话音未落,他已以寂文书笔残纹为引,在昆仑绝顶布下一座黑色祭坛。
代天之笔被他插入祭坛中心,裂痕肉眼可见地蔓延,从笔尖爬向笔杆,像一张黑色的网。
“这是……封笔?”
“沈守阁怎么突然示弱了?”
围观的修士们交头接耳。
只有玉虚真人站在昆仑巅,望着祭坛下若隐若现的纹路——那是用文血刻就的“反向听言阵”,专钓天道残识与圣人窥探之念。
他道袍无风自动,忽然轻笑一声:“好个以退为进。

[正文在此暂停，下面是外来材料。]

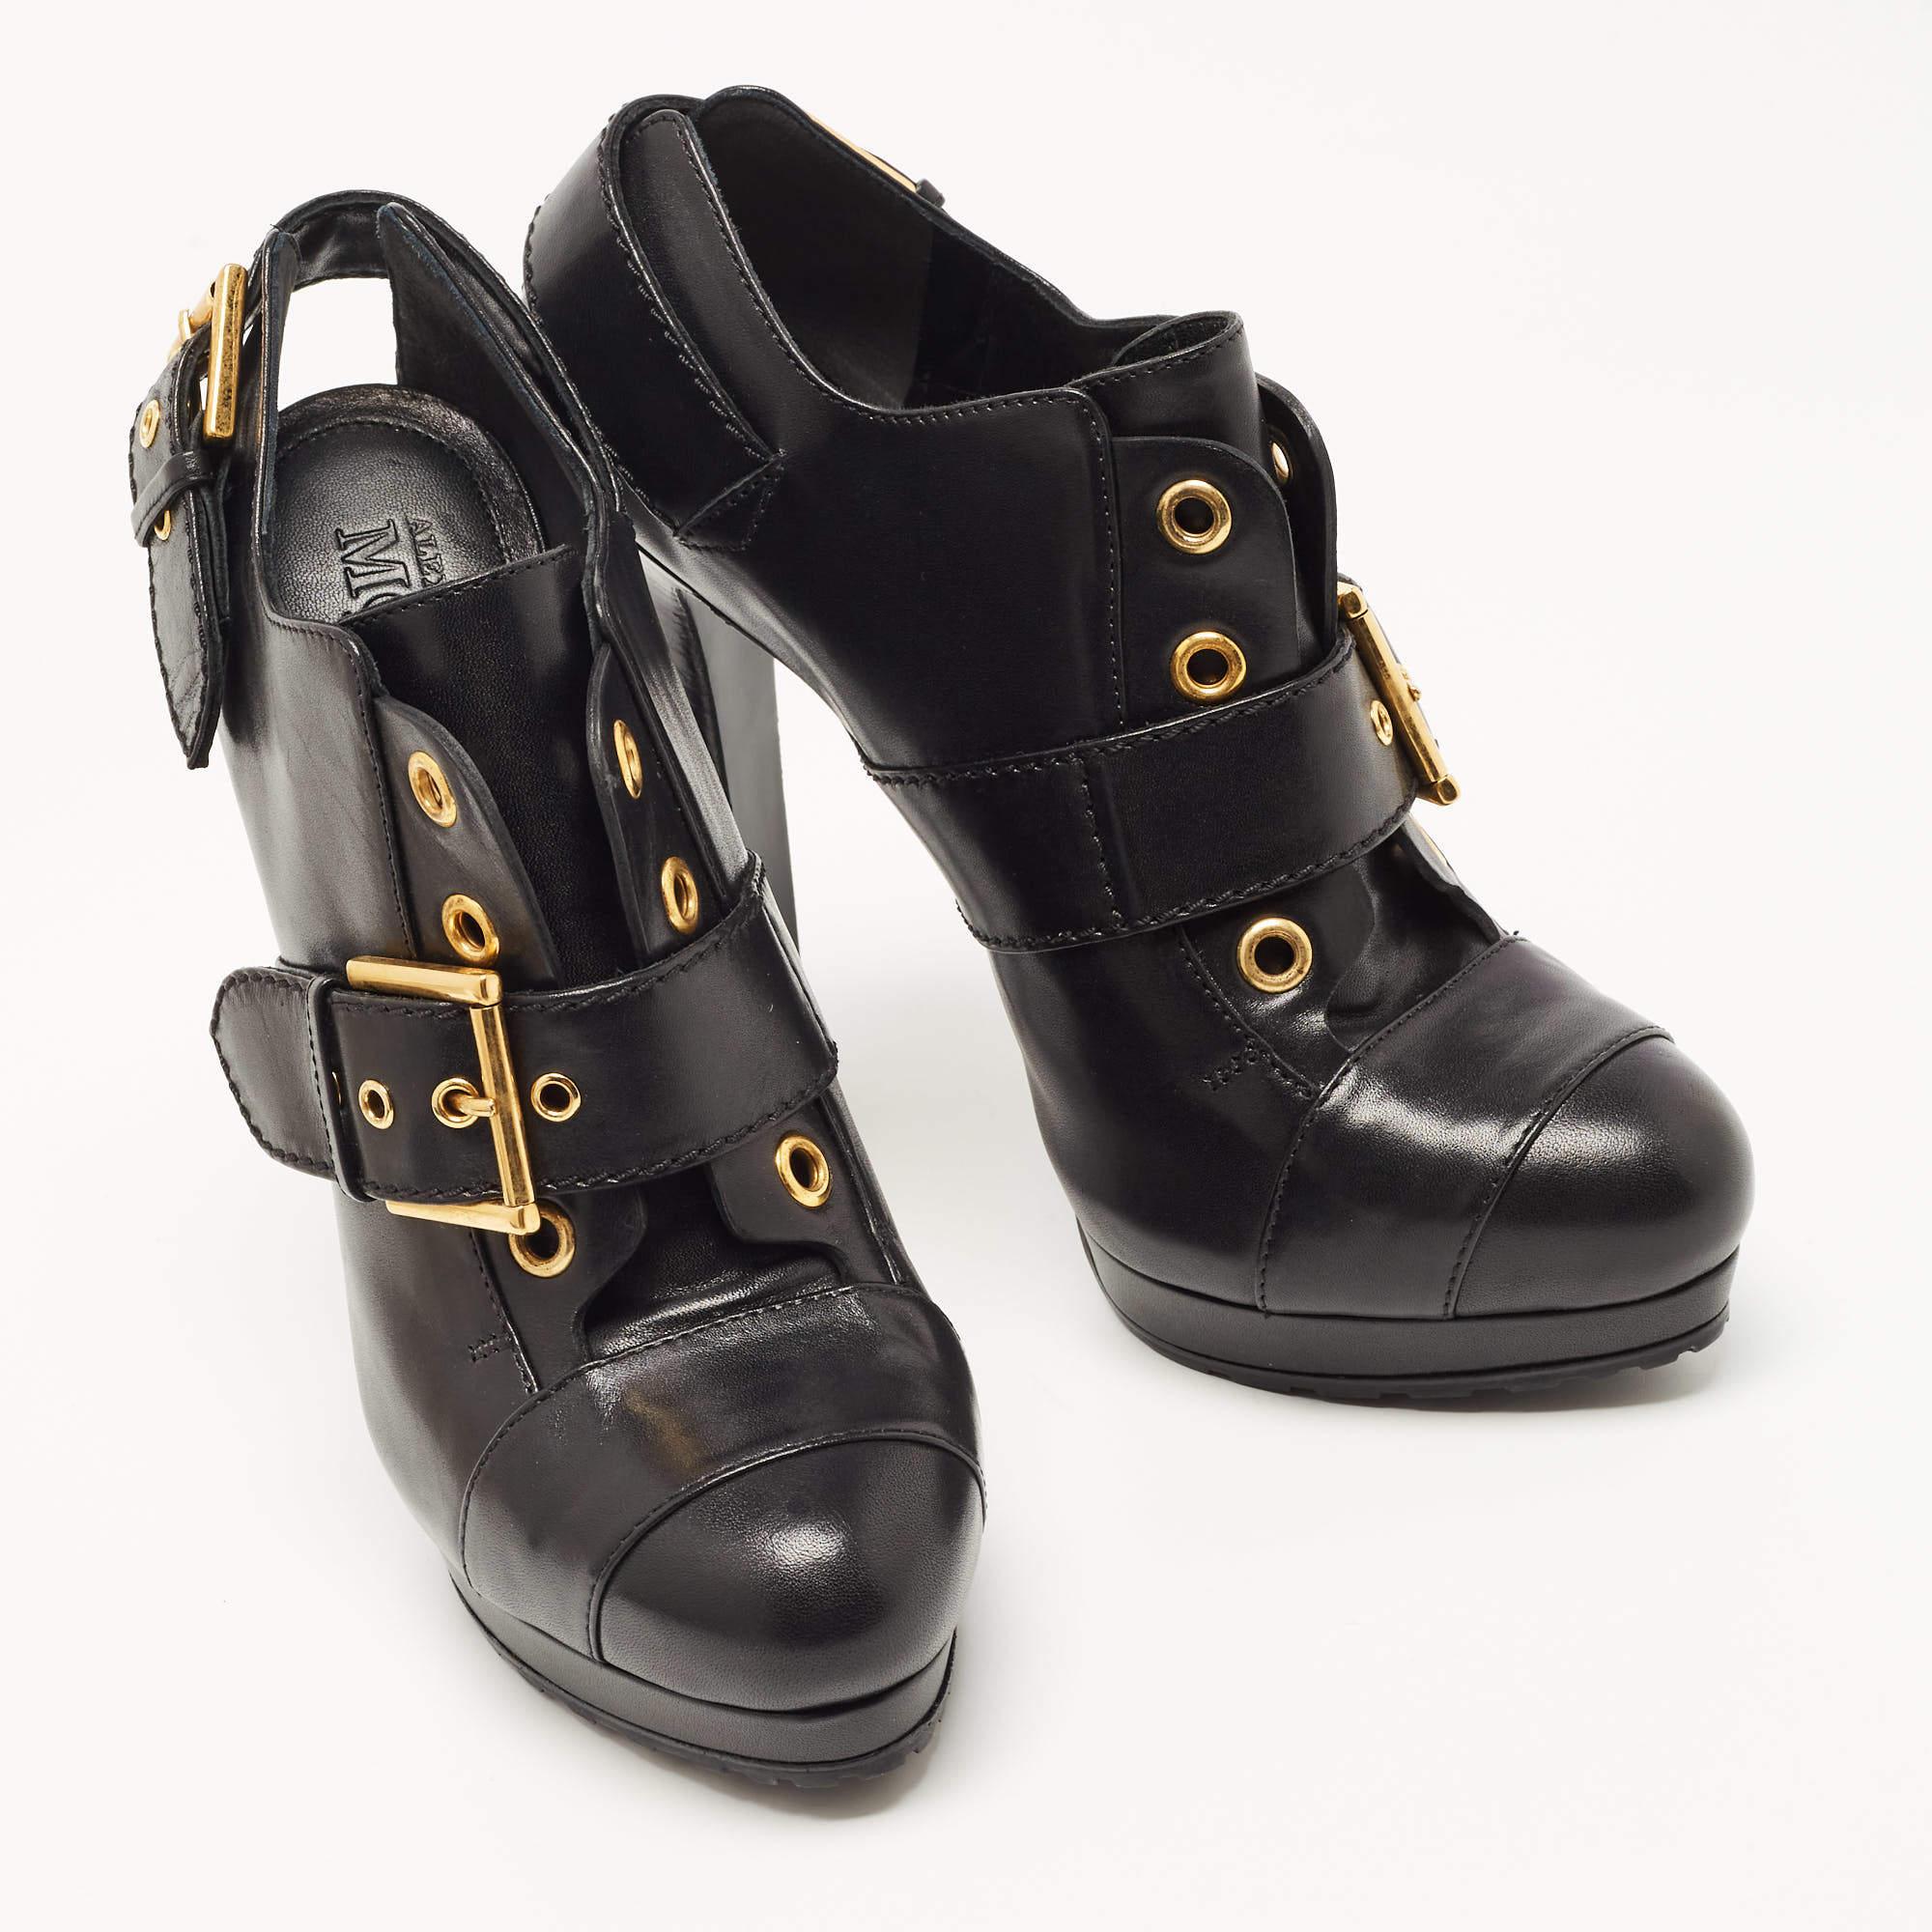 Women's Alexander McQueen Black Leather Ankle Boots

”
系统的提示音在沈青竹识海响起:“诱饵已布,污染源活跃度提升至63%。”他垂眸,看着祭坛下逐渐汇聚的黑雾,唇角勾起极淡的弧度。
子夜,藏经阁的油灯忽明忽暗。
沈青竹正翻着一本古卷,听见门外传来极轻的脚步声——是玉虚真人。
他连头都没抬,只将手边的茶盏推向对面。
“你封的不是笔,是饵。”玉虚直入主题,手中没有佩剑,只有一页空白文笺。
他坐定后,目光扫过沈青竹眼底未褪的冷光,又补了句:“圣人的天书,翻得更勤了。”
沈青竹终于抬头,茶盏里的水面突然泛起波纹,倒映出三十三重天上五道模糊法相——太清的玄黄气、玉清的剑气、上清的杀意、西方的佛光、娲皇宫的生机,正透过层层虚空凝视昆仑。
“他们想看我会写什么。”玉虚提笔,在文笺上写下这行字,墨迹未干便化作青烟飘向窗外。
沈青竹端起茶盏,饮了一口冷透的茶:“那我就写……他们最怕我看穿。”
话音刚落,代天之笔所在的祭坛方向突然传来细微震颤。
笔裂深处的黑雾躁动起来,却不知自己的每一丝波动都被“听言阵”录下,化作数据流涌入沈青竹识海。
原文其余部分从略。